Your objective: Below are records; extract exactly the lines from the one containing "Imagen aérea del" through the last, both included, and keep the pictures out.

Supplied material:

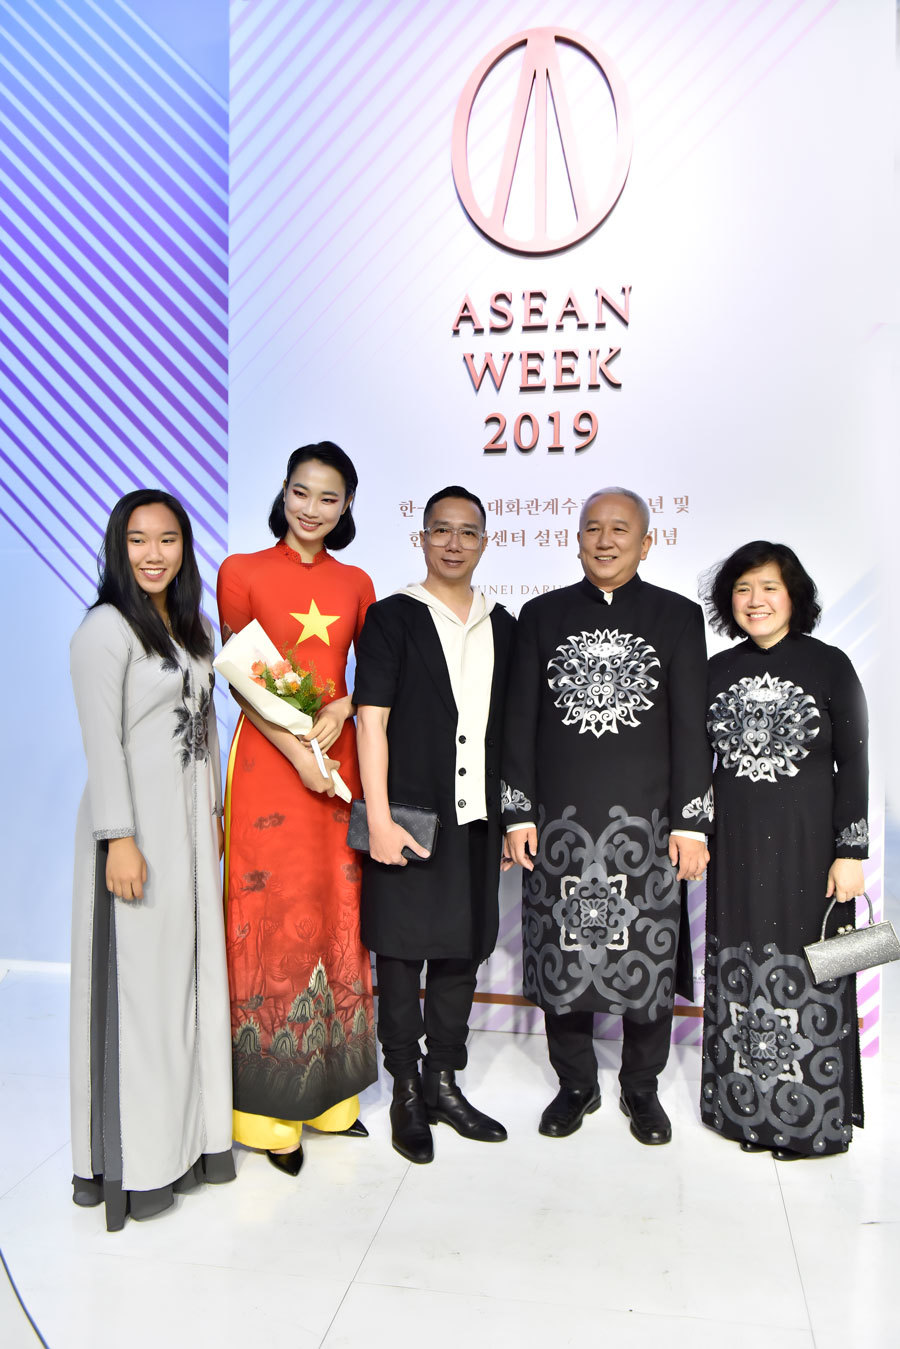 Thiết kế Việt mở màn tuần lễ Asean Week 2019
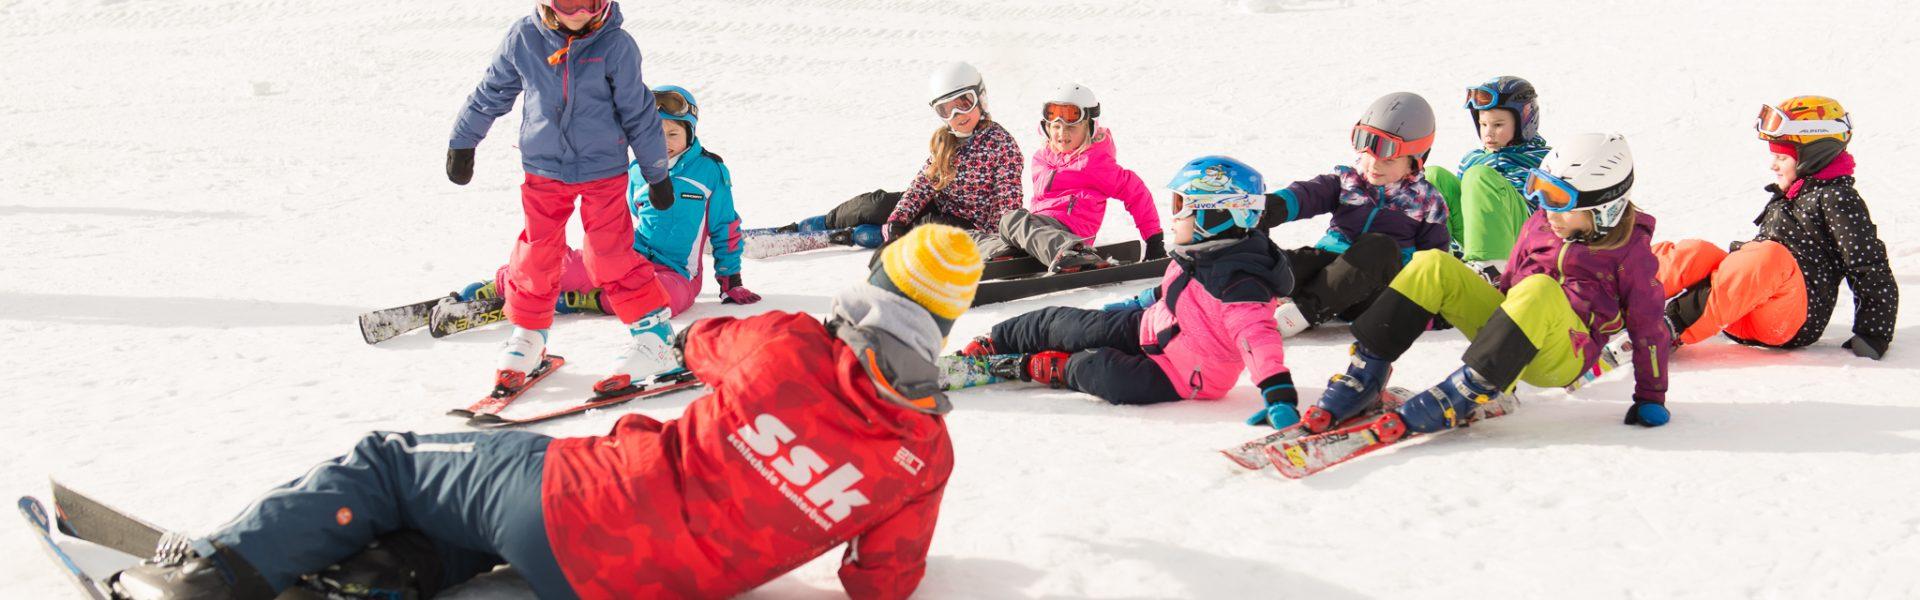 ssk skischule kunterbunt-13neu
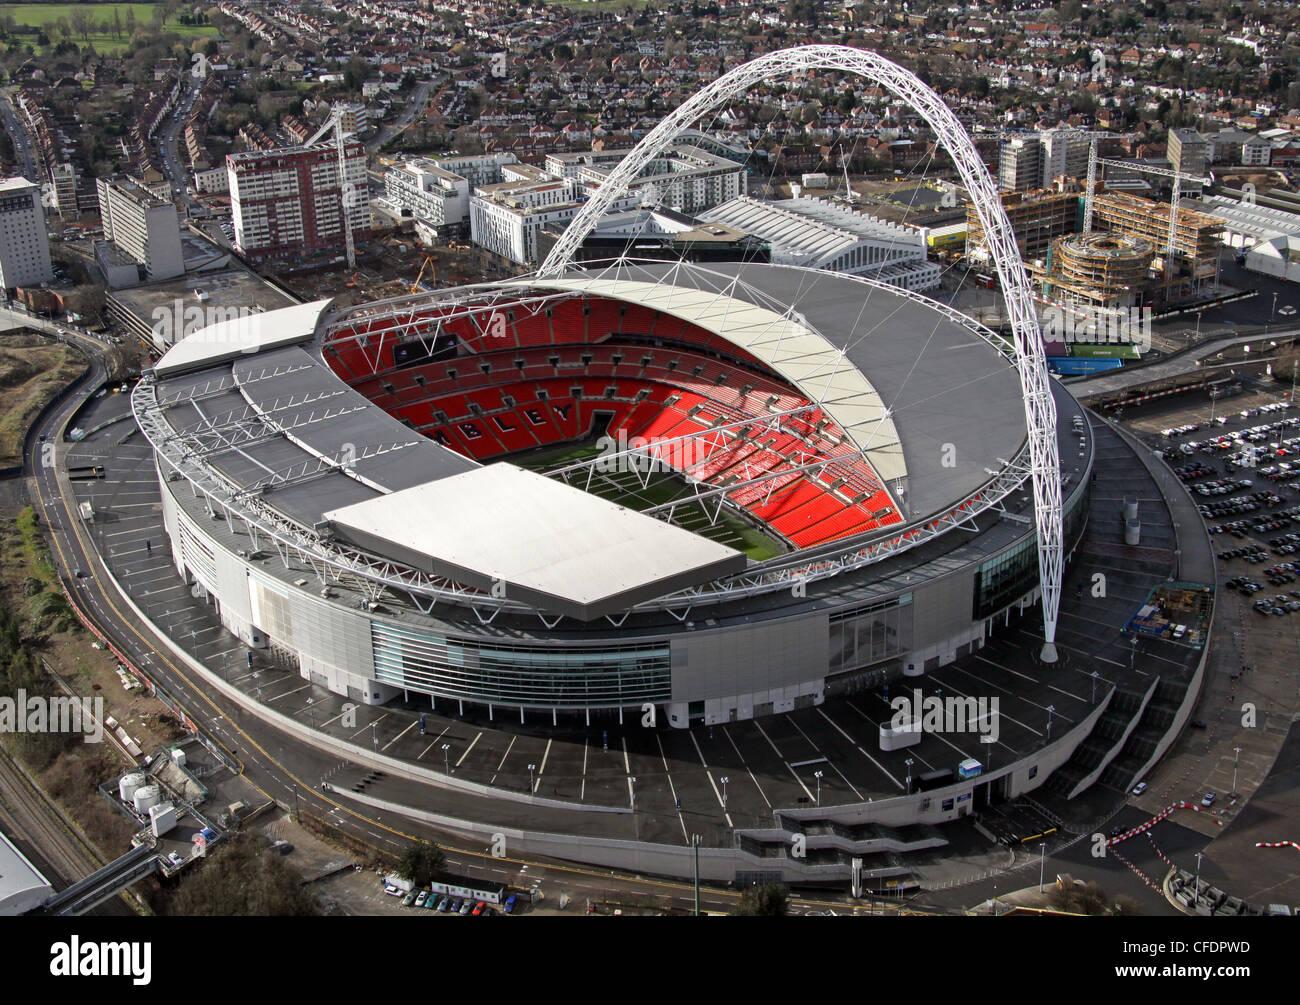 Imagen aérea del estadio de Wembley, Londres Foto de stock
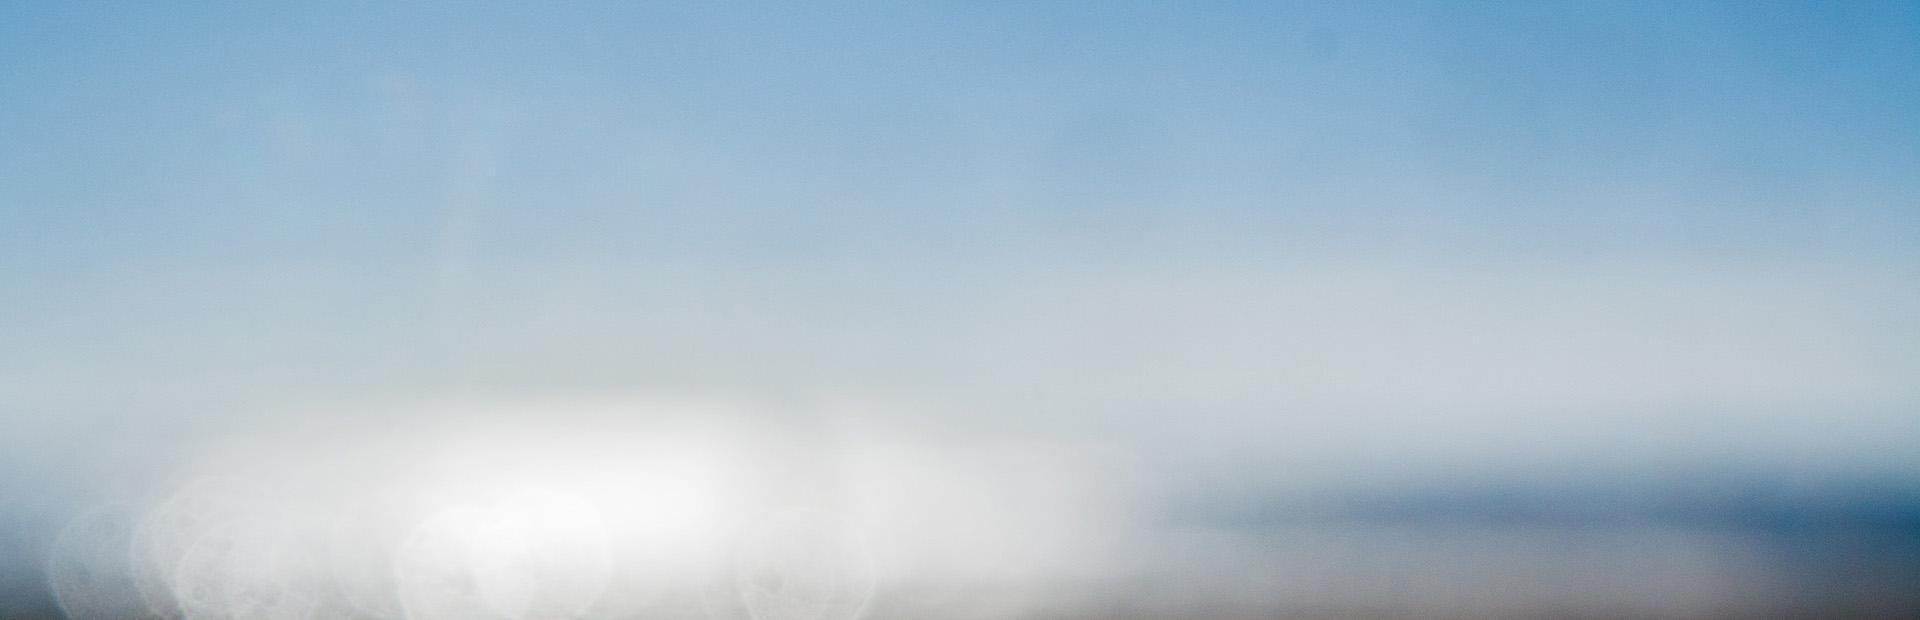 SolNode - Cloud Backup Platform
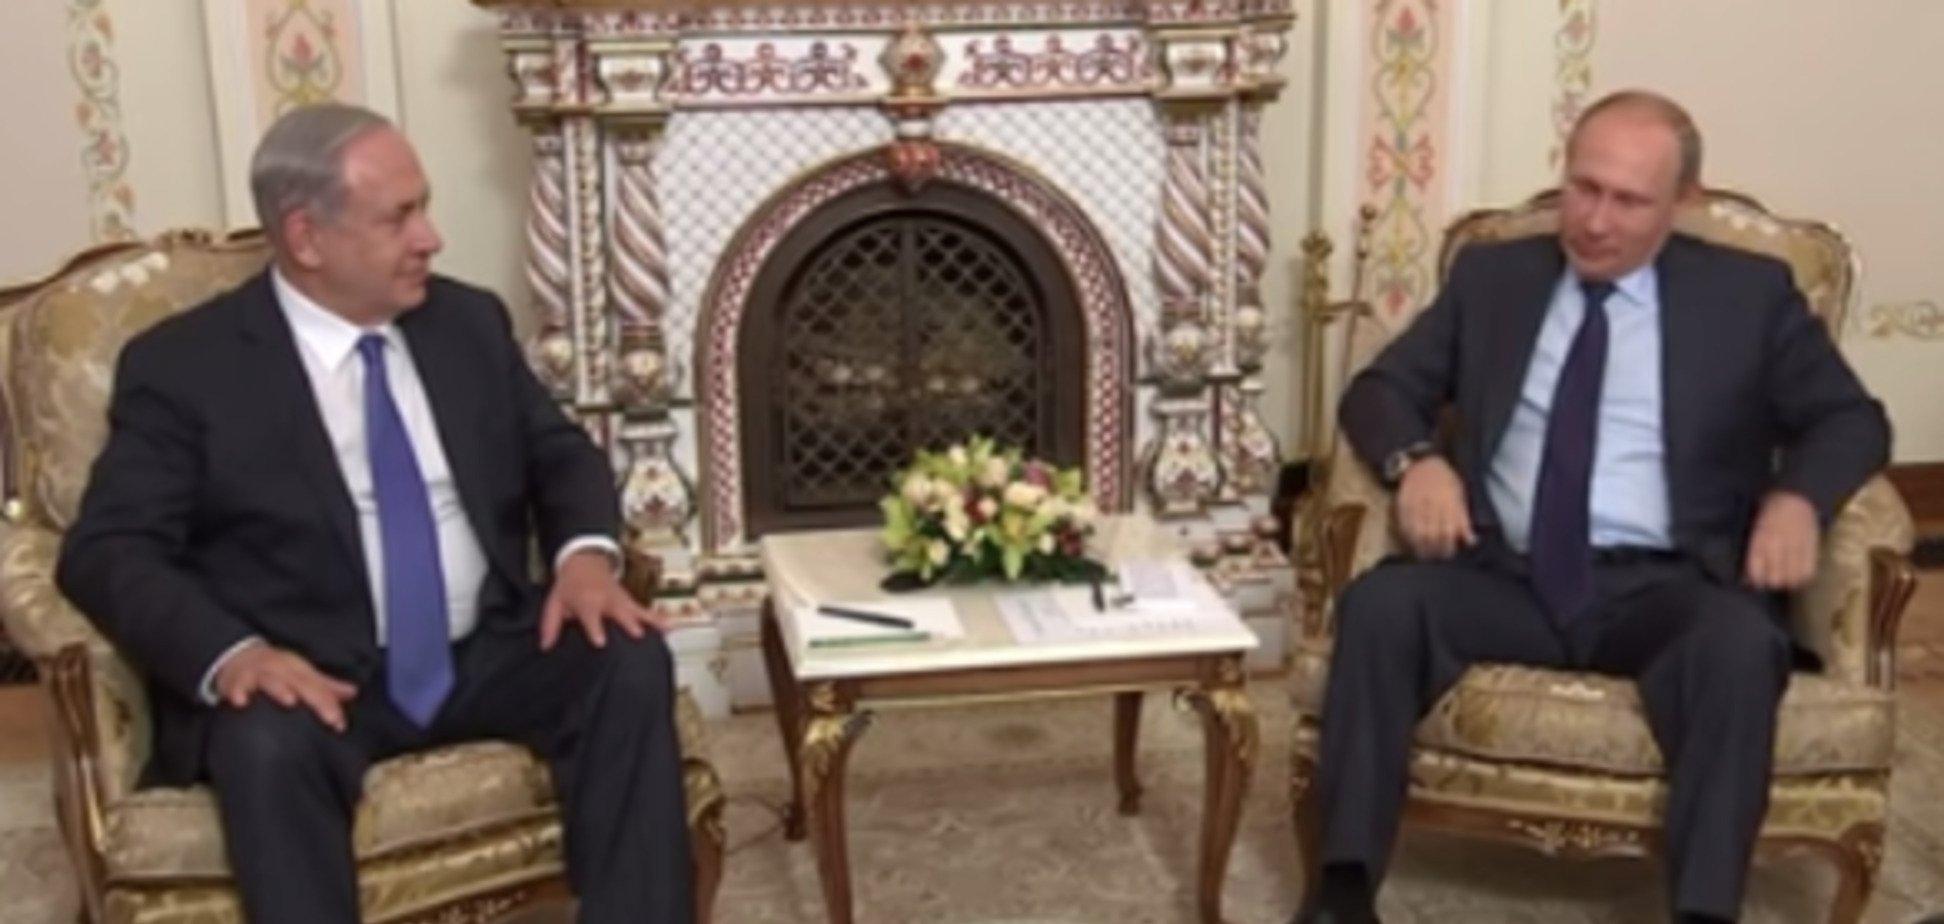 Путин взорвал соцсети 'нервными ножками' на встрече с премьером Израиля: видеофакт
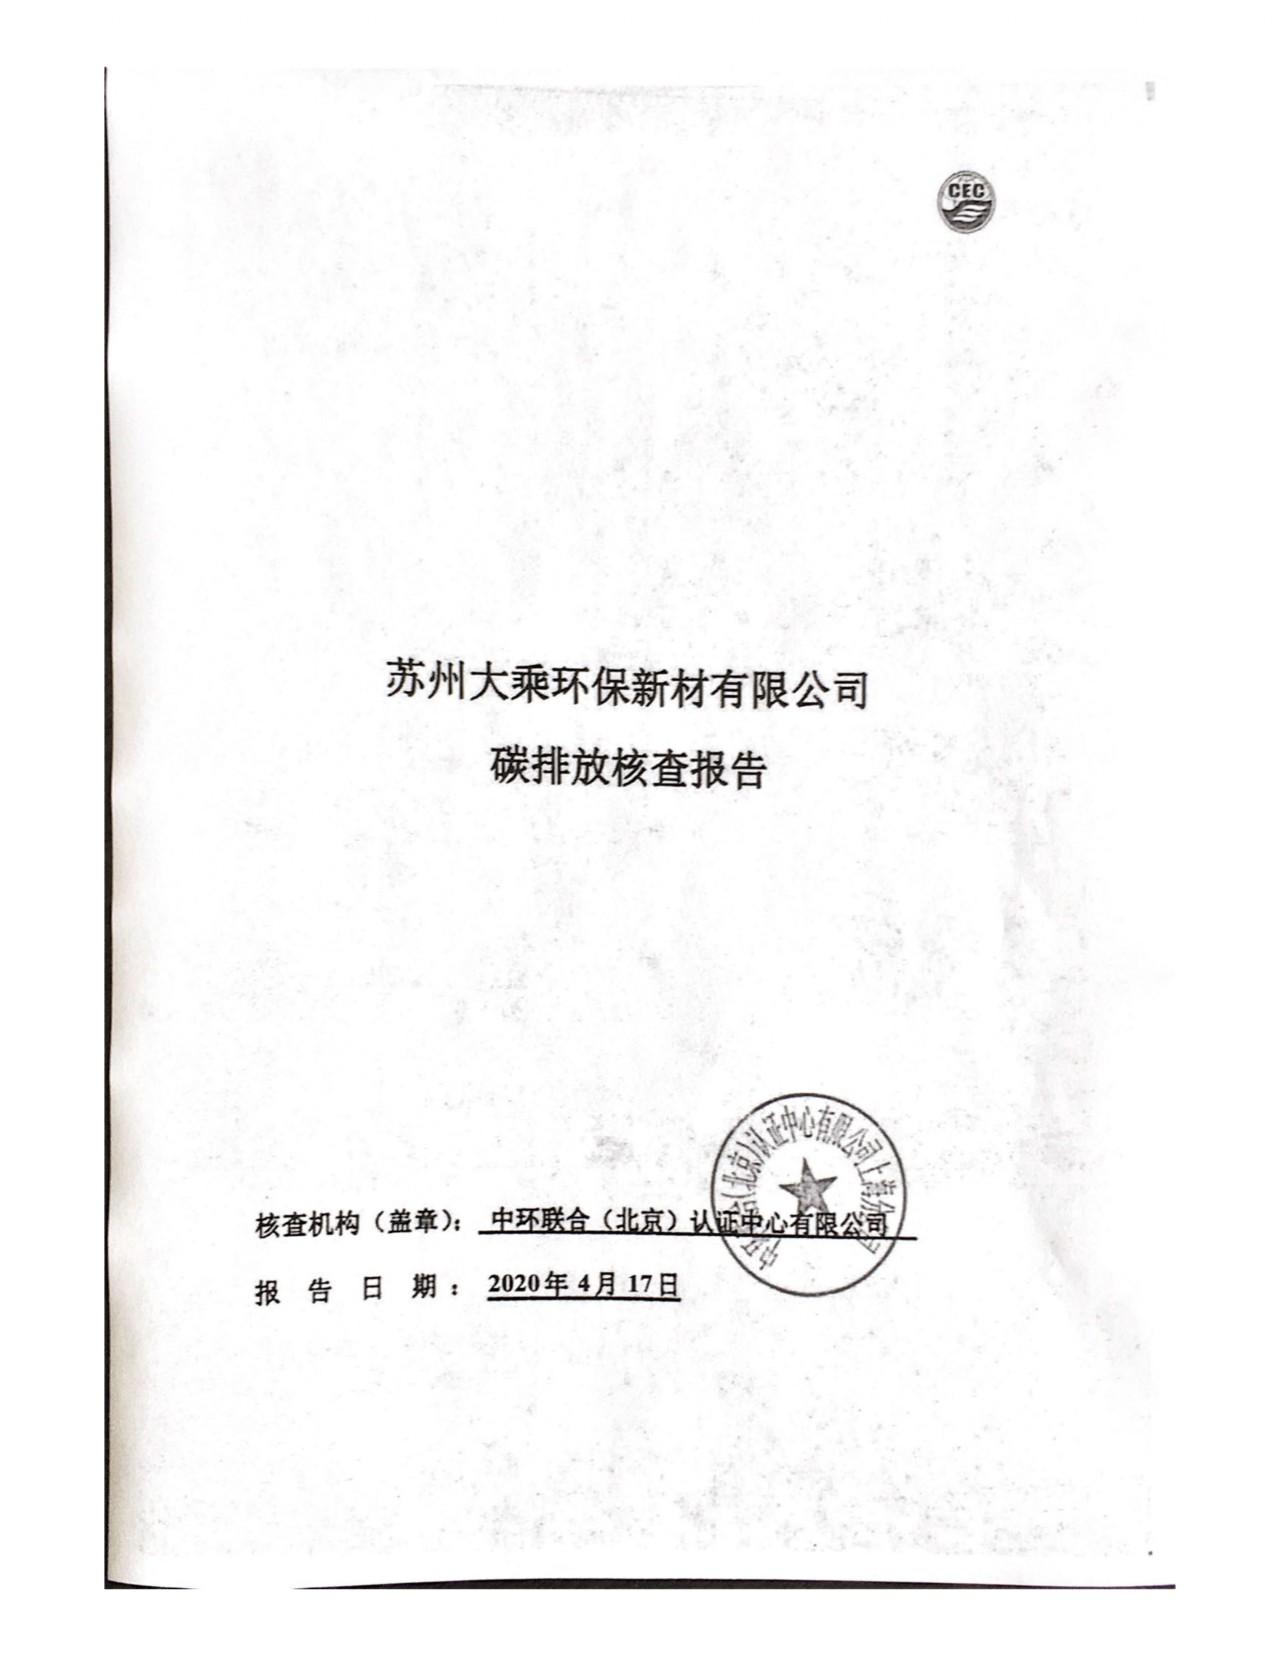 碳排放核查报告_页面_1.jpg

Response to this task:
 Imagen aérea del estadio de Wembley, Londres Foto de stock
 SolNode - Cloud Backup Platform
 Путин взорвал соцсети 'нервными ножками' на встрече с премьером Израиля: видеофакт
 碳排放核查报告_页面_1.jpg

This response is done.